The Crying of Natter 49  

Off-topic discussion. Wanna talk about corsets, duct tape, or physics? This is the place. Detailed discussion of any current-season TV must be whitefonted.


§ ita § - Jan 15, 2007 1:12:21 pm PST #2969 of 10001
Well not canonically, no, but this is transformative fiction.

That's a really cool bag, Robin. I'd like my sugar daddy to buy me one in leather.

So if anyone sees a likely looking sugar daddy, could you send him that link?


-t - Jan 15, 2007 1:30:52 pm PST #2970 of 10001
I am a woman of various inclinations and only some of the time are they to burn everything down in frustration

That's my everyday purse, but in purple. Not leather.


Scrappy - Jan 15, 2007 1:48:45 pm PST #2971 of 10001
Life moves pretty fast. You don't stop and look around once in a while, you could miss it.

It's really thoughtfully designed. I love that there are so many different-sized pockets and they are set so stuff doesn't fall out of them, even if you are the kind of person who tends to toss your purse around in a careless manner. Not that I would do such a thing, no way.

eyes present purse smushed under desk after disentangling the strap from my chair wheel.


Jessica - Jan 15, 2007 1:59:31 pm PST #2972 of 10001
And then Ortus came and said "It's Ortin' time" and they all Orted off into the sunset

Heh -- What Jack Bauer needs in his cell phone.


Dana - Jan 15, 2007 2:03:42 pm PST #2973 of 10001
I'm terrifically busy with my ennui.

Woohoo! My rehearsal has been cancelled thanks to weather.

t off to put on another sweater and have some more tea


Jessica - Jan 15, 2007 2:15:27 pm PST #2974 of 10001
And then Ortus came and said "It's Ortin' time" and they all Orted off into the sunset

And from the comments of the link I just posted, Upcoming '24' Focuses on Jack Bauer Eating a Sandwich:

While Katz declined to get specific, he did share a few moments from the episode. As CTU searches frantically for Marwan and tries to uncover McLennan-Forster's secrets, Jack's SUV power-slides into an In-N-Out Burger in Van Nuys. He jumps out, dashes inside and hurriedly orders a Double-Double with no pickles, fries and a Dr.
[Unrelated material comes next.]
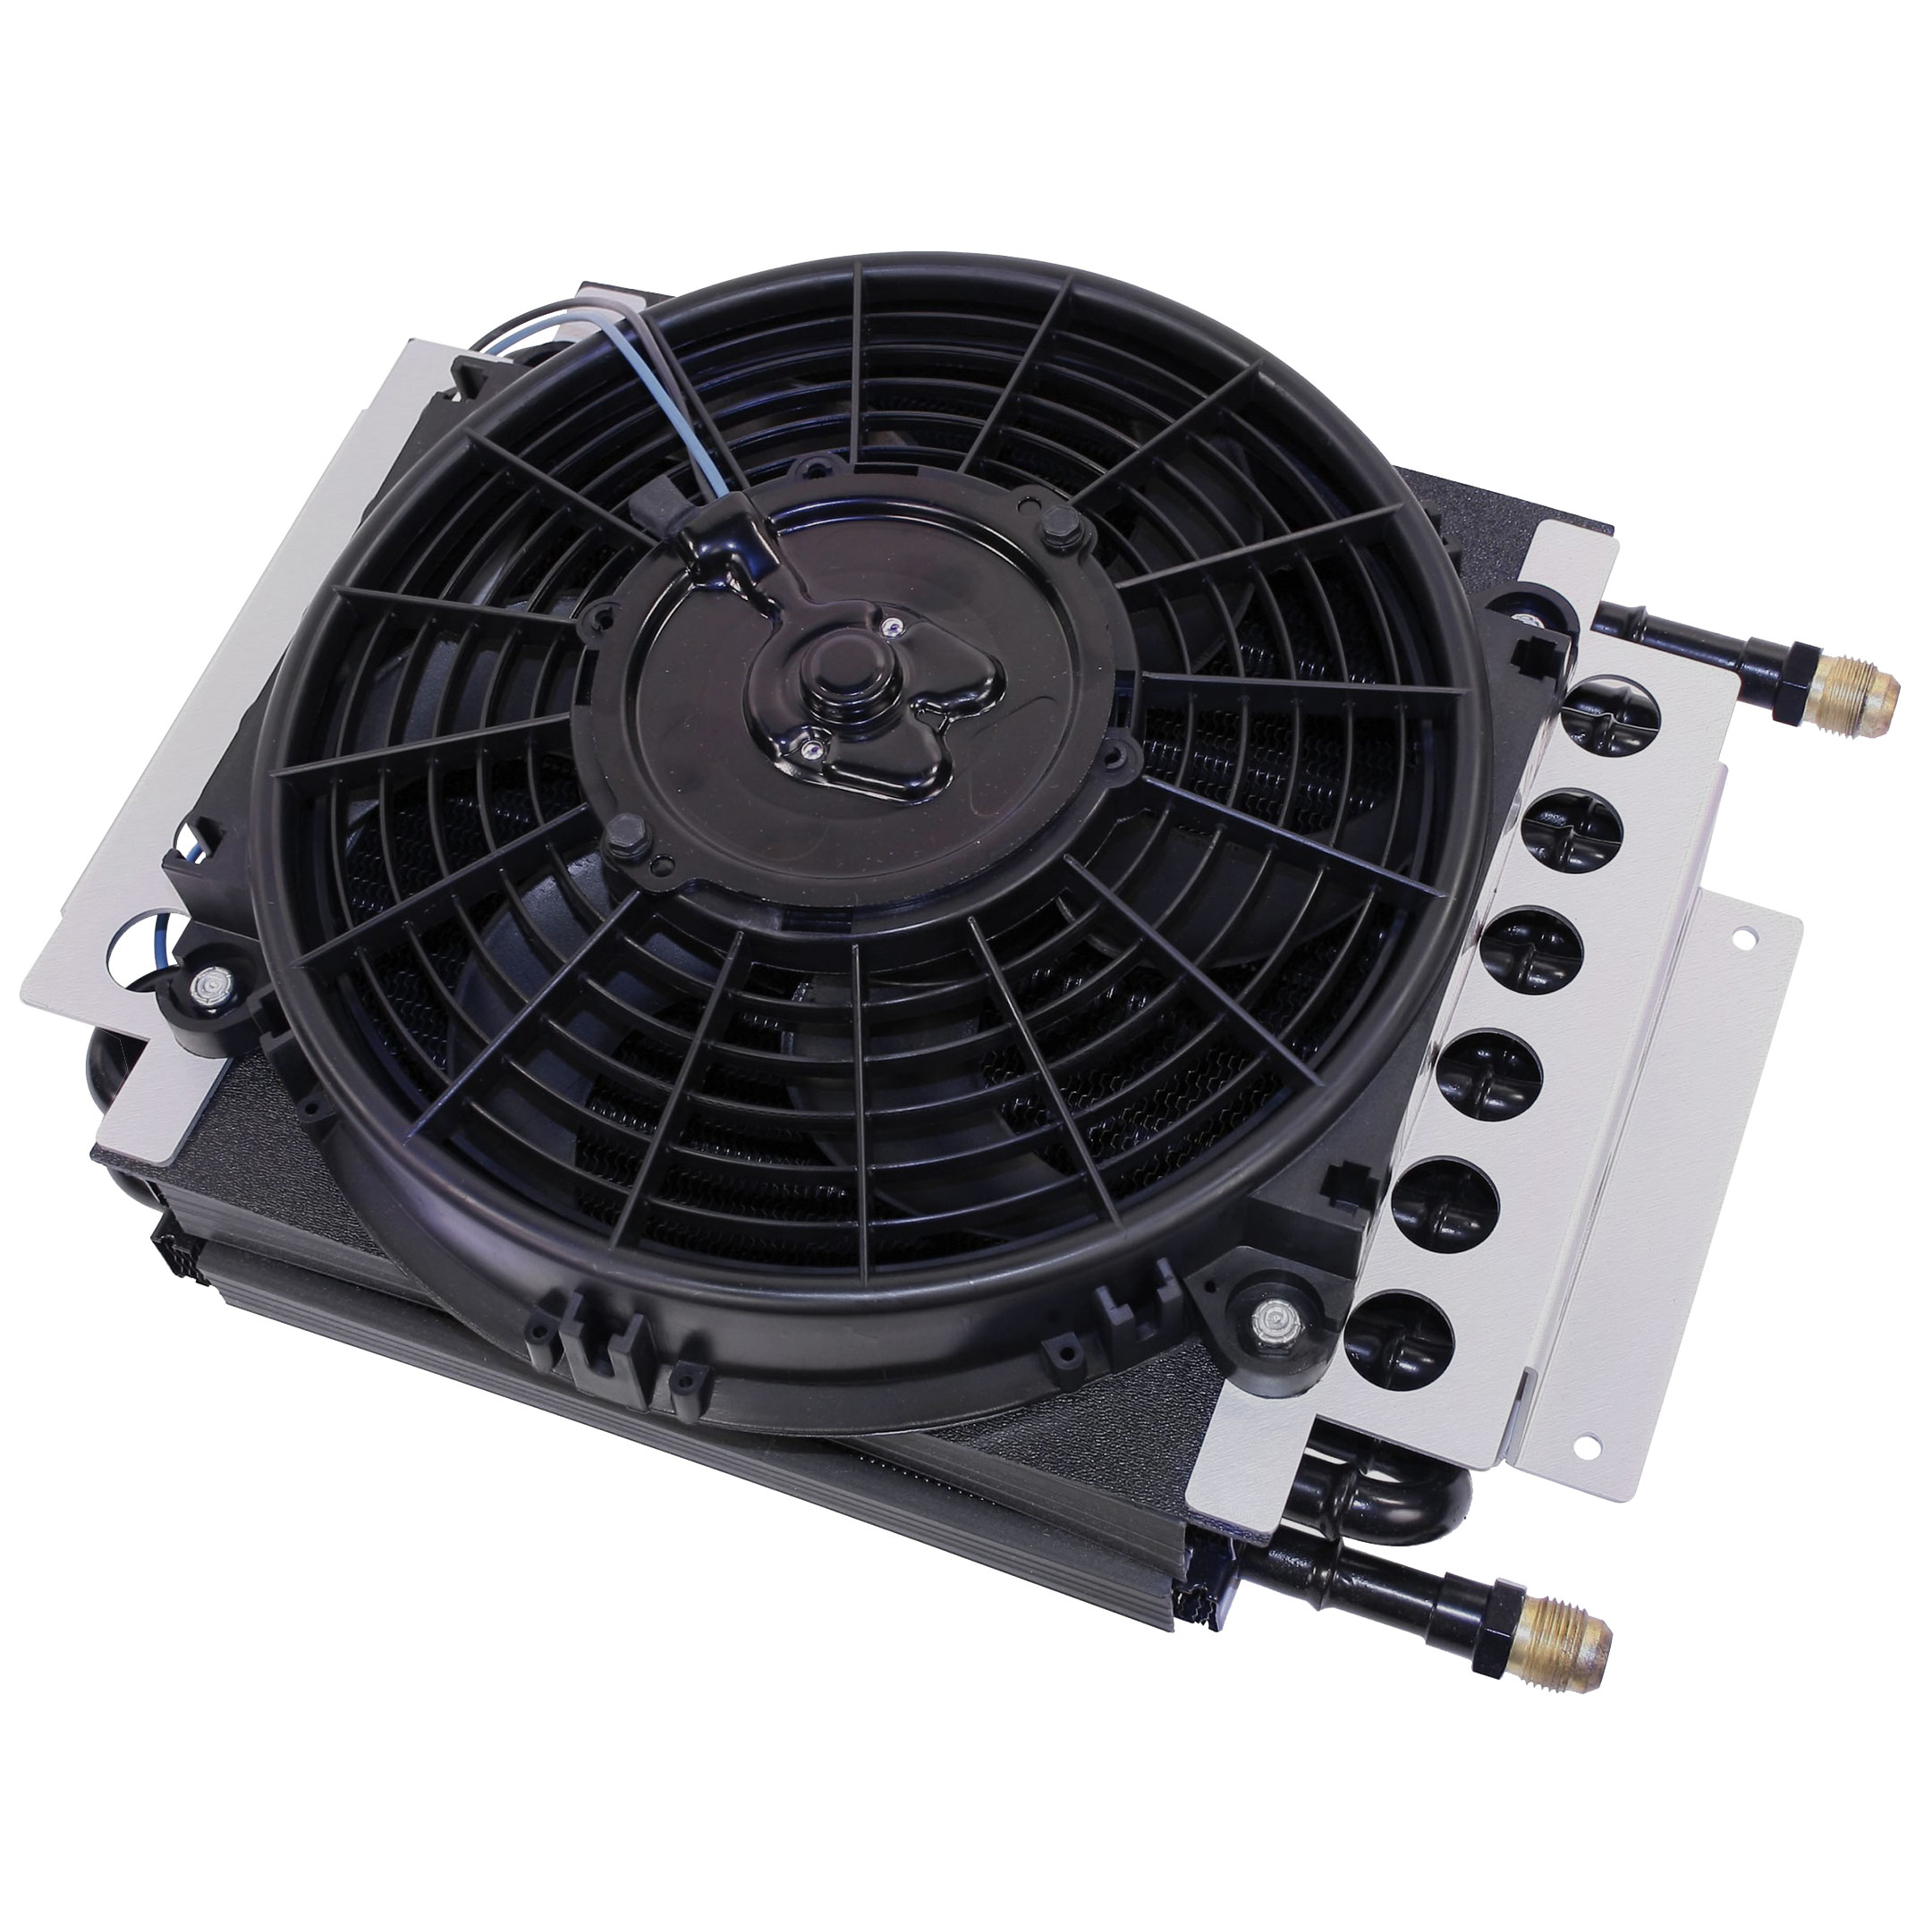 EMPI VW Fan and Cooler Kit - High Performance

Pepper.

Naturally, the order goes horribly wrong.

The barely sentient cashier fails to enter Jack's order correctly, so the sandwich arrives with pickles anyway. He then tells Jack that the Dr. Pepper spout is broken. "Listen to me," Jack says, grabbing the cashier by the shirt. "I need you to take the pickles off now. There's no time to explain – you're going to have to trust me."
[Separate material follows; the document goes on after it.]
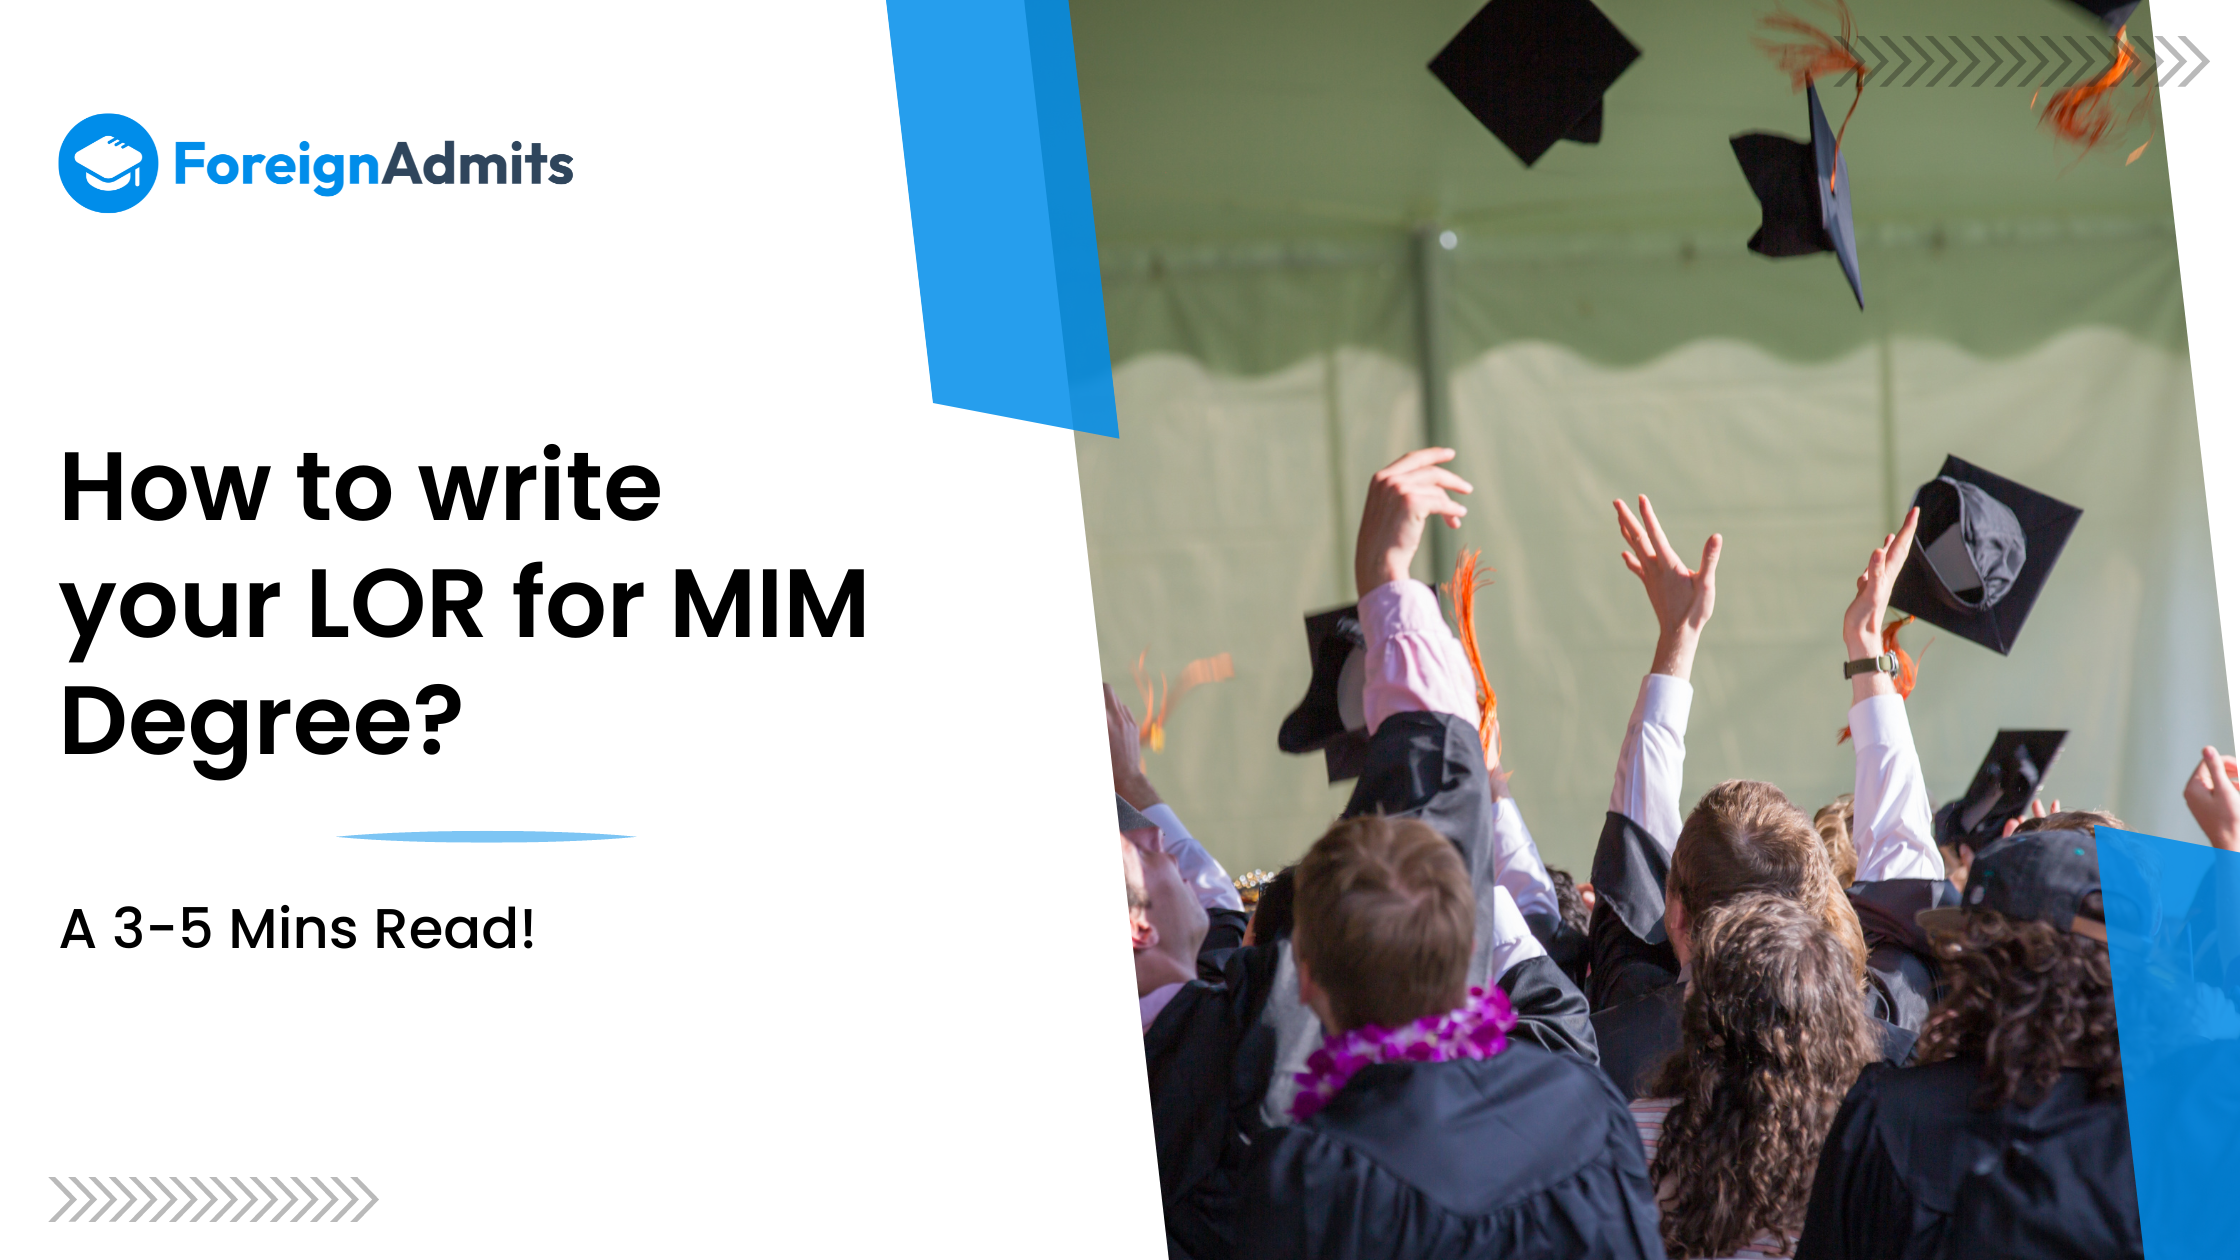 How to write your LOR for a MIM degree?

Emily - Jan 15, 2007 2:31:57 pm PST #2975 of 10001
"In the equation E = mc⬧, c⬧ is a pretty big honking number." - Scola

Hey! My landlord's name is Marwan!

Nifty.


§ ita § - Jan 15, 2007 2:36:34 pm PST #2976 of 10001
Well not canonically, no, but this is transformative fiction.

WHERE ARE MY COOKIES?

I have gymmed and picked up prescriptions and have embarked on four sets of laundry, each picked up from its machine within mere minutes of a cycle ending.

The phrase "reward in and of itself" has lost meaning for me.


Nutty - Jan 15, 2007 2:37:02 pm PST #2977 of 10001
"Mister Spock is on his fanny, sir. Reports heavy damage."

Oh, Scrappy, I have one of those. An old one, that is now falling apart after 3-4 years of heavy use, because although not exactly stylin' it is the most useful thing ever. Not quite big enough to fit papers, though. And a really thick book will be problematic.


Sue - Jan 15, 2007 2:39:31 pm PST #2978 of 10001
hip deep in pie

Why am I getting no red carpet coverage of the Golden Globes? It's the best part of the show!!